In recent years, other than the improvement in energy efficiency of equipment itself, there is an increasing number of buildings introducing energy management system to execute the intelligence management on energy consumption, such as schedule controlling or scenario controlling on air conditioning, lighting, heat exchange systems etc., and the potential energy saving may be further promoted via the energy information and communication technology (EICT) and the combination of sensors, controllers, embedded systems and energy managements.

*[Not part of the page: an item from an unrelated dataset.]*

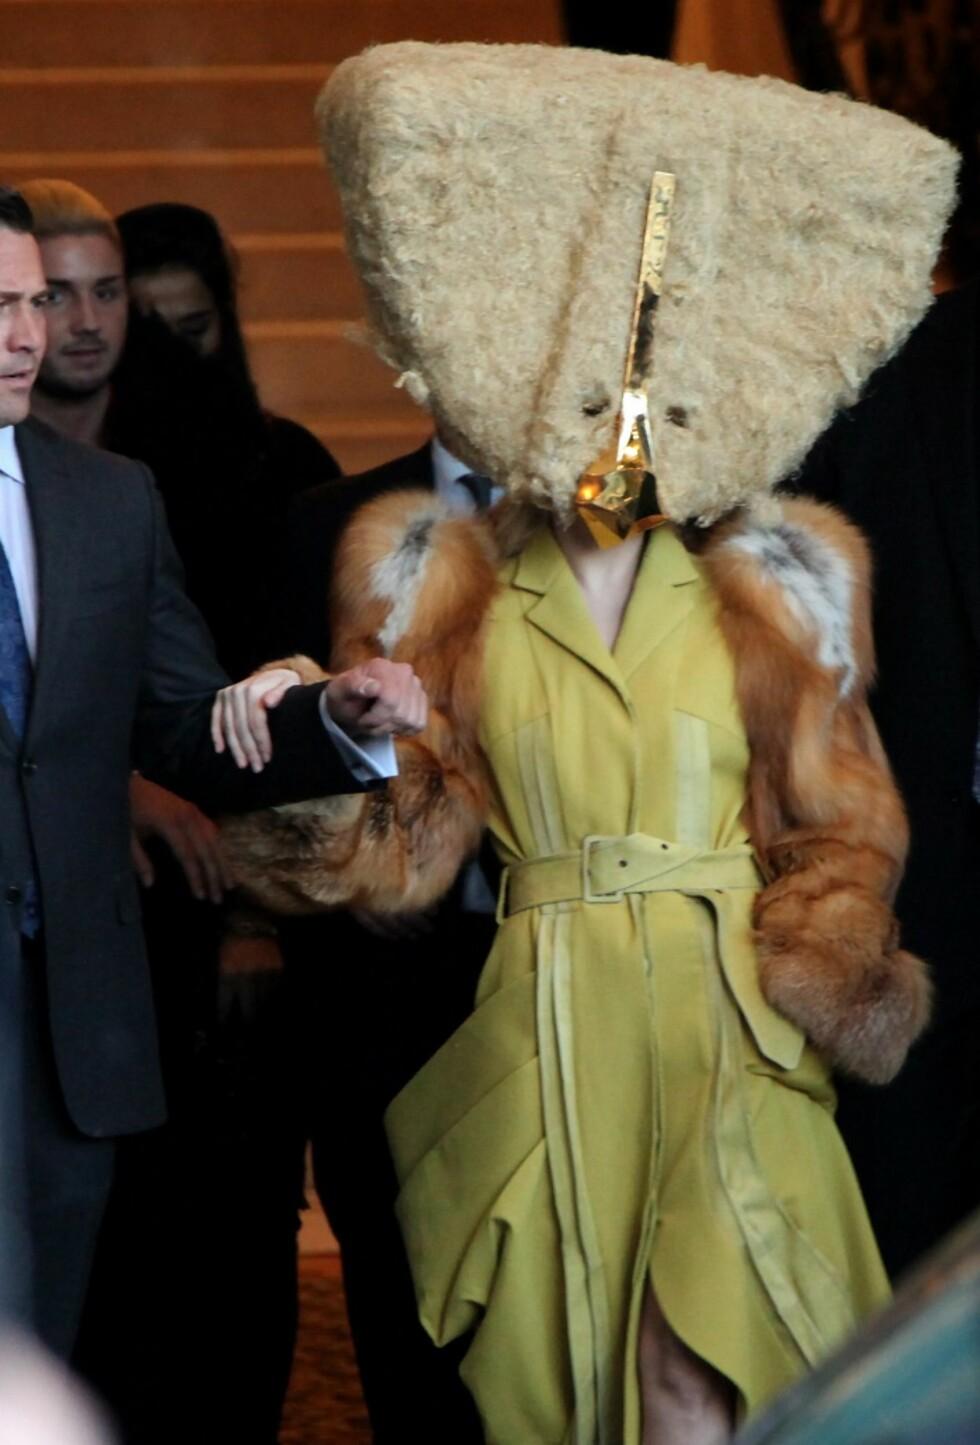 På samme Berlin-besøk viste Gaga seg senere med et noe spesielt hodeplagg.  Foto: All Over
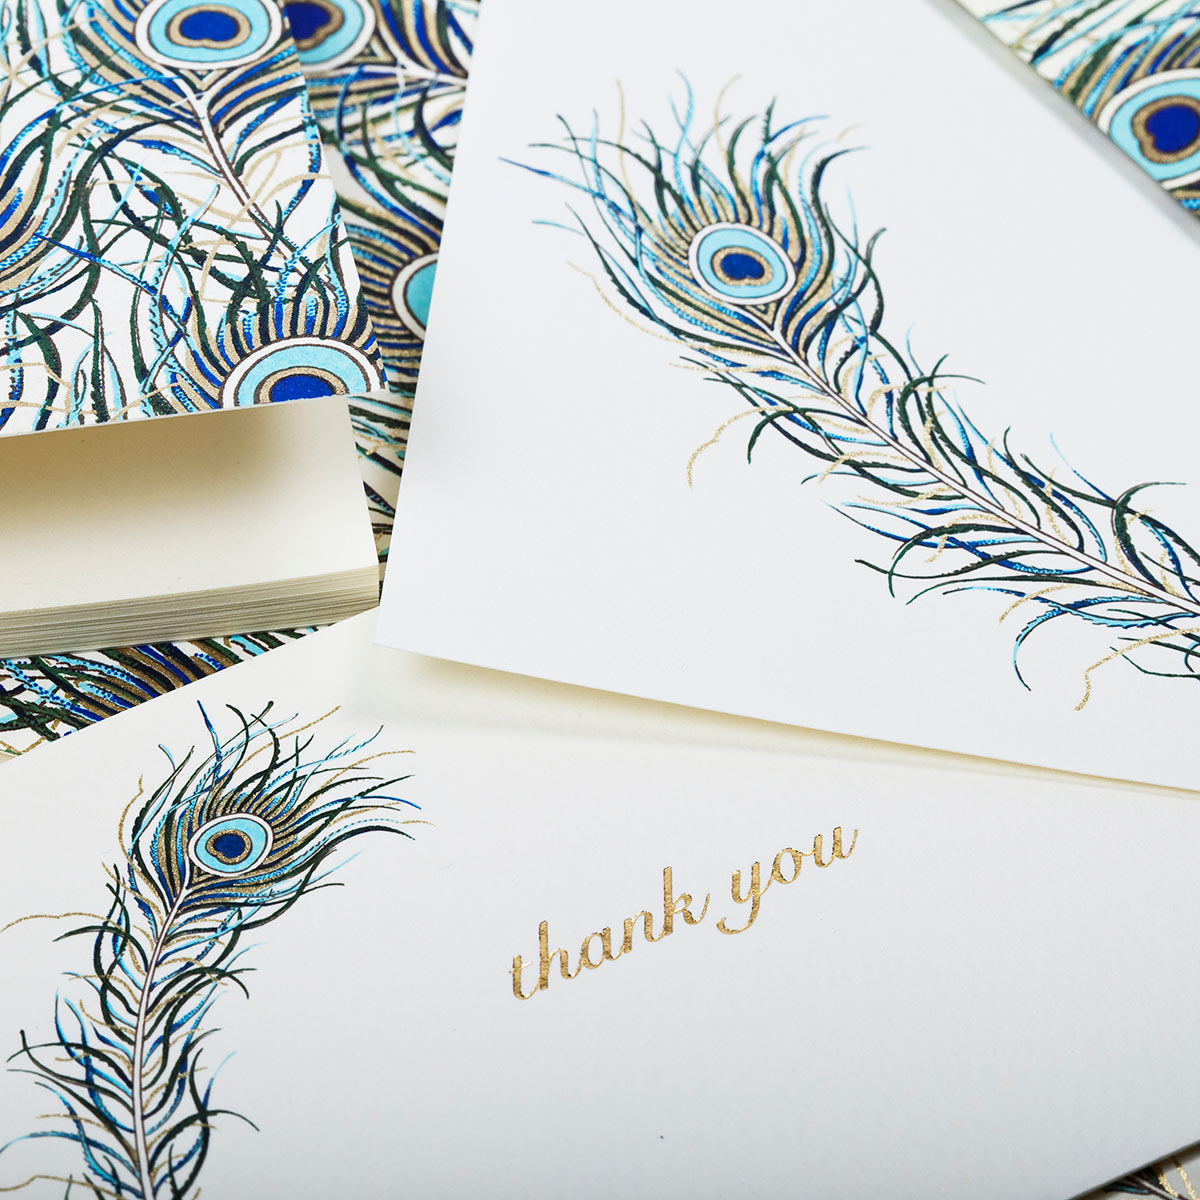 Carta classica italiana con piume di pavone

The majority of current heating, ventilation and air conditioning (HVAC) systems control the airflow and the chilled-water flow thereof by the difference between the set temperature value and the return-air temperature value. However, the sensors detecting the return-air temperature value is not located in the actual field environment or the sensors have insufficient quantities to response the actual distribution state in the space. Therefore, the return-air temperature value obtained by the HVAC system is often unable to indicate the real state of the field environment and the actual feeling of personnel in the space. Furthermore, as regards the control on the set temperature value, the field personnel usually has to manually adjust the set temperature value stored in the HVAC system, in real-time, thereby resulting the system being used inconveniently.
In other words, at present, the large-scaled air conditioning control devices are often unable to obtain the real state with reference value, thereby causing difficulties in controlling the air handling unit (AHU) or the fan coil unit (FCU) inside the large-scaled air conditioning control device, and also causing the field environment being undercooling/overheating with the occurrence of energy-waste. Furthermore, the majority of large-scaled air conditioning control devices currently have to rely on the field personnel's experience to manually adjust the set temperature, thereby resulting the device being used inconveniently.